People in an area, stretching hundreds of kilometres from Nowra to the
Victorian border and west to Kosciuszko, have been urged to leave.
High temperatures and strong winds have made the daunting task faced by thousands of fire fighters even worse.
The New South Wales transport minister Andrew Constance, a member of prime minister Scott Morrison’s Liberal Party, said that angry locals in Cobargo who confronted the Prime Minister on Wednesday “gave him the welcome he probably deserved”.
Mr Constance, who escaped losing his home when fire tore through Malua
Bay, said he didn’t know Mr Morrison had planned to visit the area.
Gladys Berejiklian, the New South Wales premier, said: “There’s no doubt people are justified in feeling angry”.
“I don’t begrudge anyone who is on the ground,” she told radio station 2GB on Friday morning. “Andrew is a good friend of mine and he’s just seen the sheer devastation in his community.”
Yesterday morning, Greg Mullins, a former New South Wales fire chief, told ABC Radio: “I’m angry about the prime minister’s response.
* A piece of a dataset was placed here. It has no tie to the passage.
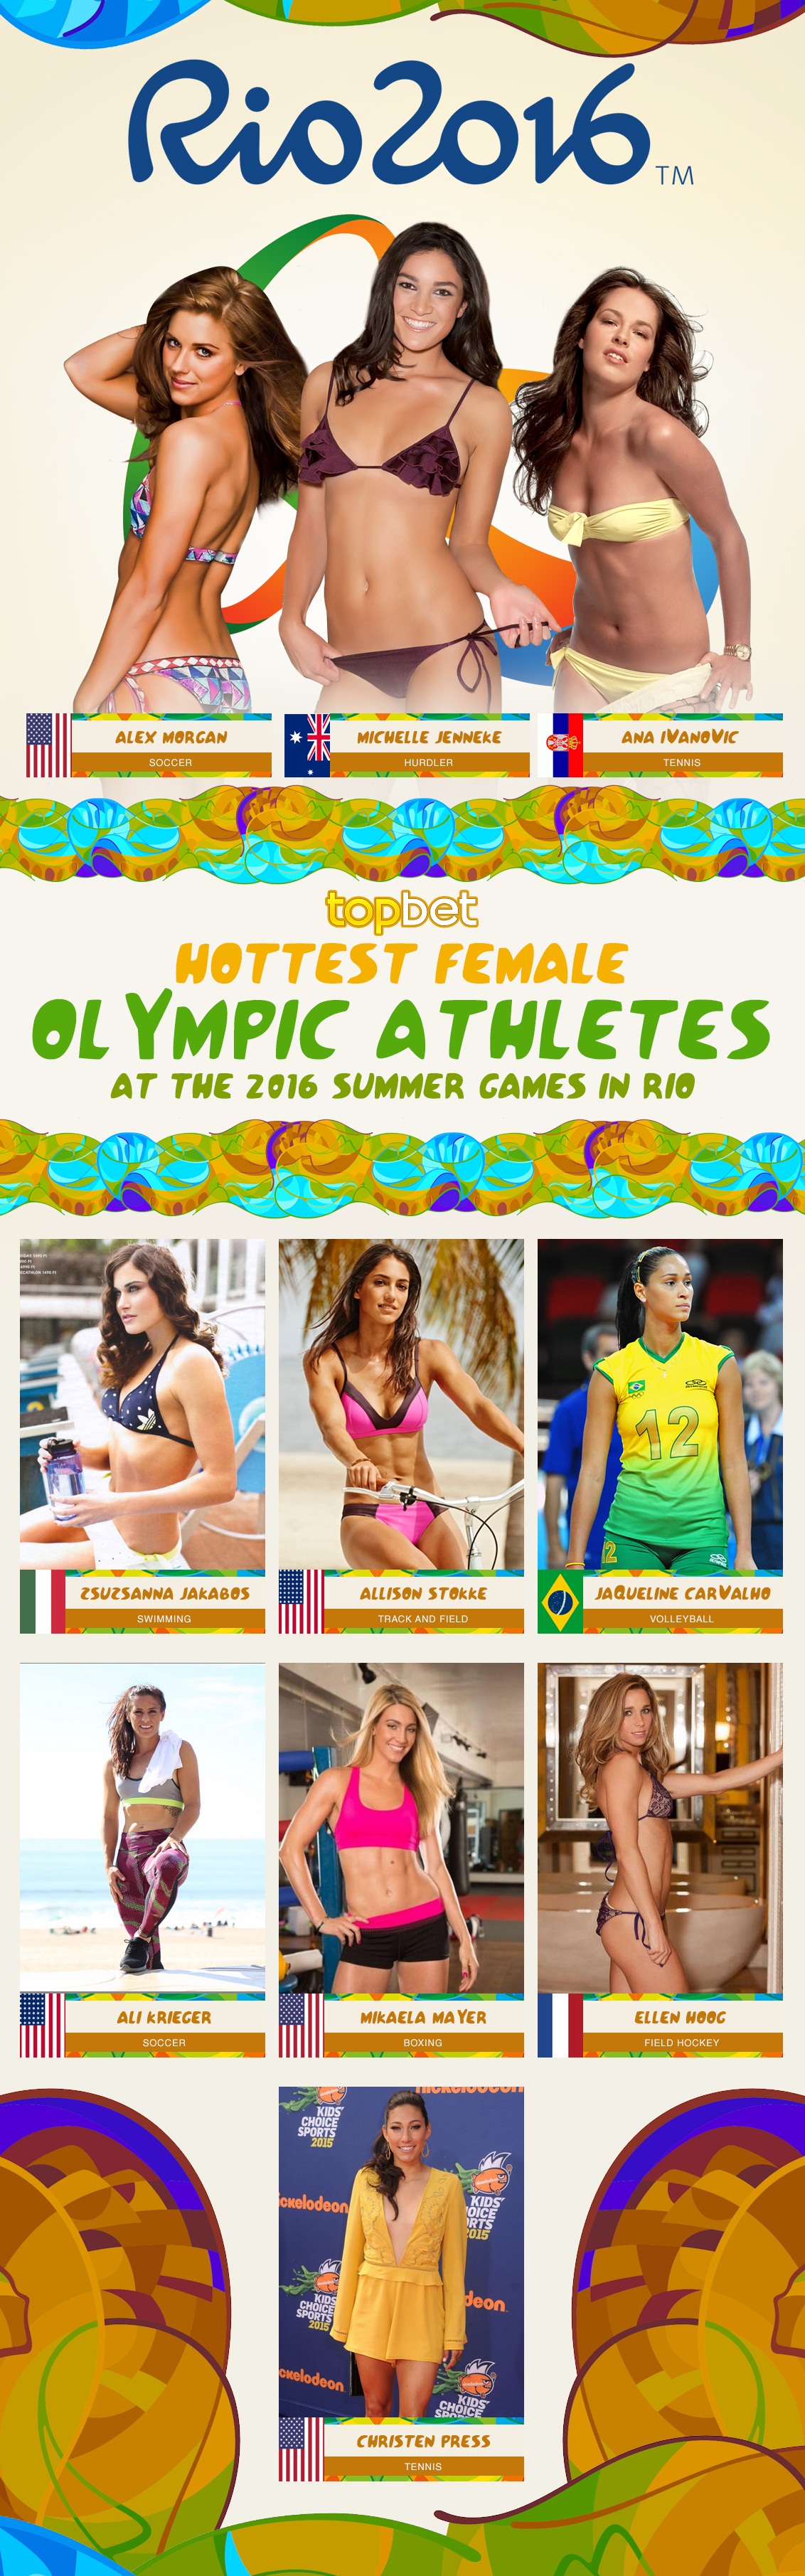 Hottest Female Olympic Athletes and Olympians - Summer 2016

It reminds me of
President Trump, when there’s multiple shootings, saying ‘there’s nothing to do with guns’. We have to talk about climate change.”
Late on Thursday, Daniel Andrews, Victoria’s premier, declared an official state of disaster for six Local Government Areas and the Alpine Resort, which gives the government special powers to deal with the crisis. It is the first time the powers have been used.
The declaration will allow forced evacuations and permit emergency services to take over properties. So far, evacuations have been voluntary. “If you can leave, then you must [leave],” the Mr Andrews said.
Andrew Crisp, the state’s Emergency Management Commissioner, said humidity levels were “unusually low”, at less than 10 per cent, in fire-affected areas in the state’s east.
“What that means is that fires will travel at night. People talk about fires five years ago and that was not the case – generally fires overnight would settle down and you could rest and regroup but that’s not what we’re seeing.”
‘Fires will travel at night. Generally fires overnight would settle down and you could rest and regroup but that’s not what we’re seeing’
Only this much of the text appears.